IgA and IgM are also glycosylated, but because far more residues are involved, the deconvolution of these complex post translational modifications lags behind IgG. However, emerging data from the mouse model shows changes in IgM glycans with Mtb infection (46). With further definition, these post translational mechanisms of antibody diversification that contribute to the extent of the B cell antibody repertoire can be clarified across the clinical spectrum within and beyond the latent and active TB spectrum.

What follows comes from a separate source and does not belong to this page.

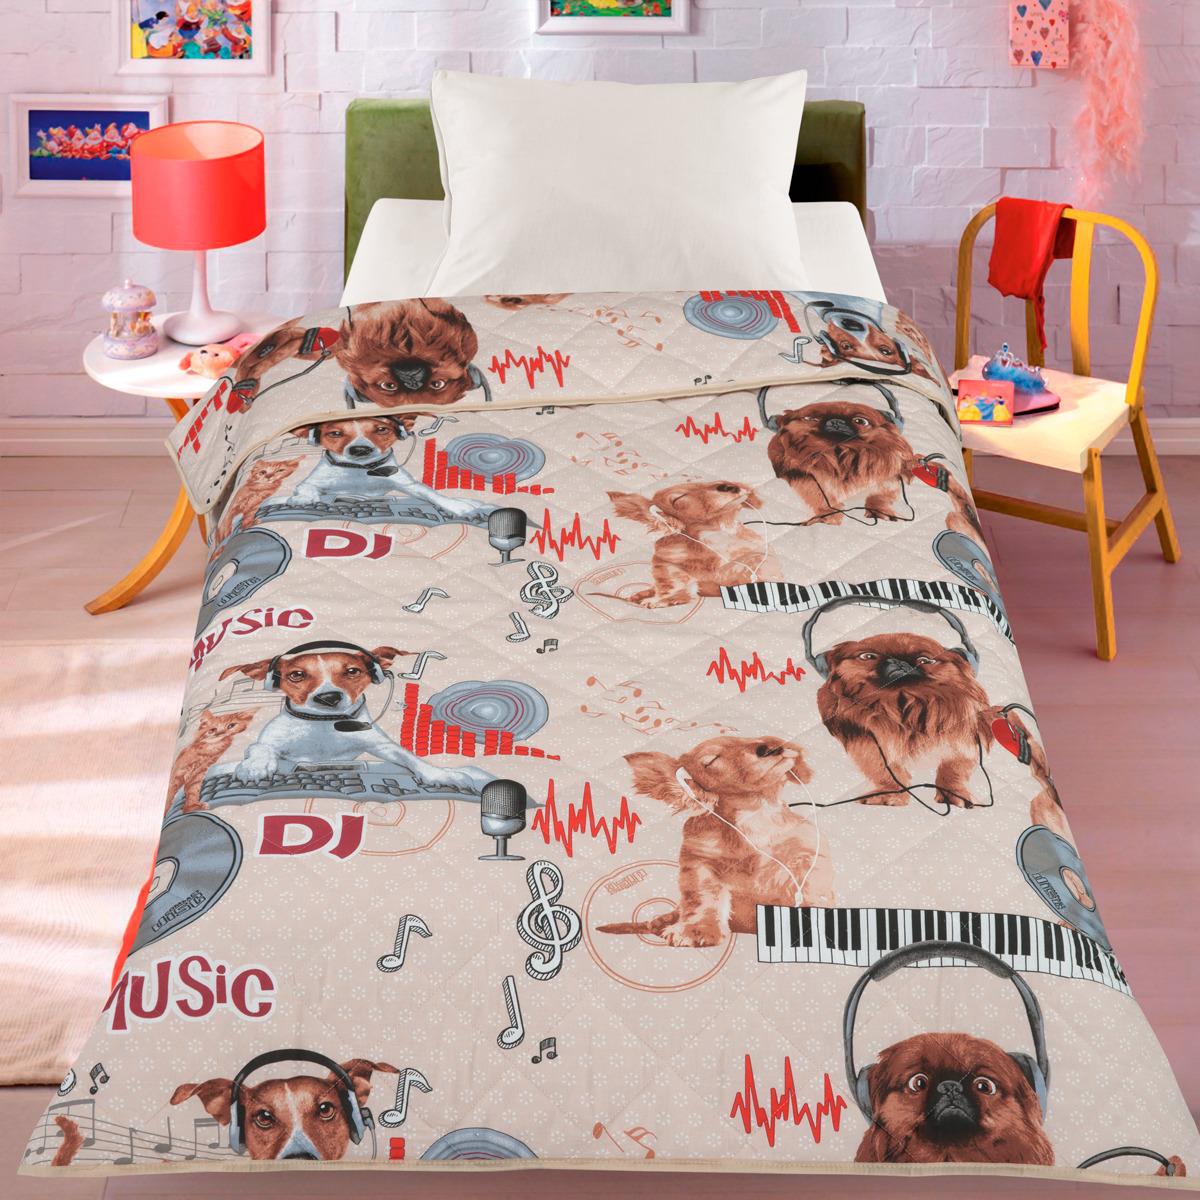 Покрывало детское Letto Собака диджей, dog-dj140, бежевый, 140 х 200 см покрывало letto pp54 бежевый 240 х 210 см

Neutralizing and Non-Neutralizing Antibody Functions
For infectious diseases, directly neutralizing and non-neutralizing antibody functions potentially impact microbial infection, replication and immune mediated pathology. Through the Fab domain, antibodies recognize and bind to microbial antigens. This could lead to direct neutralizing activity in which the organism is immediately sequestered after binding. In comparison, non-neutralizing antibody functions involve the Fc domain function to a greater extent. In conjunction with targeting an antigen via the Fab domain, the Fc domain engages complement and FcRs on immune cells that induce host responses to the microbe. Non-neutralizing antibody functions include cellular phagocytosis, cytotoxicity, activation (including NETosis and antigen presentation) and cytokine production, each of which could be protective or pathogenic based on the specific context of the microbe and host. Demonstration of consistent antibody-mediated direct neutralization of Mtb leading to prevention of infection has been elusive to date with monoclonal antibodies. While in vitro studies show different non-neutralizing cell mediated functions with polyclonal IgG isolated from individuals with latent TB, active TB (16), after antibiotic treatment (18), after BCG vaccination (32, 47, 48) and/or high exposure to Mtb (41, 49), it is less clear whether they are protective, inert or pathogenic in vivo.
Fc Receptors (FcR)
Beyond the antibody glycoprotein, FcR variations in copy number and single nucleotide polymorphisms (SNPs) generate diversity. These exist for receptors that have high (FcγRI/CD64, FcRN encoded by FCGRT, FcεRI), intermediate (polymeric immunoglobulin receptor pIGR and Fα/μ receptor) and low affinity (FcγRII/CD32, FcγRIII/CD16, FcαRI/CD89, FcεRII/CD23) for monomeric immunoglobulins (Figure 2B). High variation in copy number has been observed particularly in the FCGR loci. For FcγRII/CD32a, the polymorphism R131H (also described as 167) affects the membrane proximal Ig-like domain of the extracellular region and ablates the ability to bind and phagocytose IgG2 coated particles (50, 51). The R/R131 allotype is associated with more severe outcomes in disseminated meningococcal infection (52) and recurrent bacterial infections (53) in some human populations suggest that these FcR changes could have implications across multiple infectious diseases as well as vaccines. For FcγRIII/CD16a, valine at amino acid 158 (also described as 176) increases the affinity for IgG1 and IgG3 via interactions with the lower hinge region whereas phenylalanine in this same position enhances IgG4 binding (54, 55). The functional implications of this variation are most well-described with ADCC, where individuals with 158V/V compared to 158F/F have higher levels of this classic natural killer cell mediated function. Some human studies link these allelic variants to autoimmune diseases (56) and responses to monoclonal antibody therapies in cancer (57), though the extrapolated mechanisms and impacts may be obscured by the complexity of these conditions. For the only inhibitory FcR, a loss of function variant FcγRIIBT232 is associated with protection against severe malaria in an East African population and susceptibility to the autoimmune disease systemic lupus erythematosus in the Caucasian population (58). These functional impacts are conceptualized in the context of non-neutralizing antibody activity. However, studies in mice show that Fc-FcR binding is critical in enhancing monoclonal antibody mediated direct neutralization of pathogens including HIV (59, 60), influenza (61, 62) and SARS-CoV2 (63–66). Thus, FcR variations have the potential to influence directly neutralizing and non-neutralizing antibody functions.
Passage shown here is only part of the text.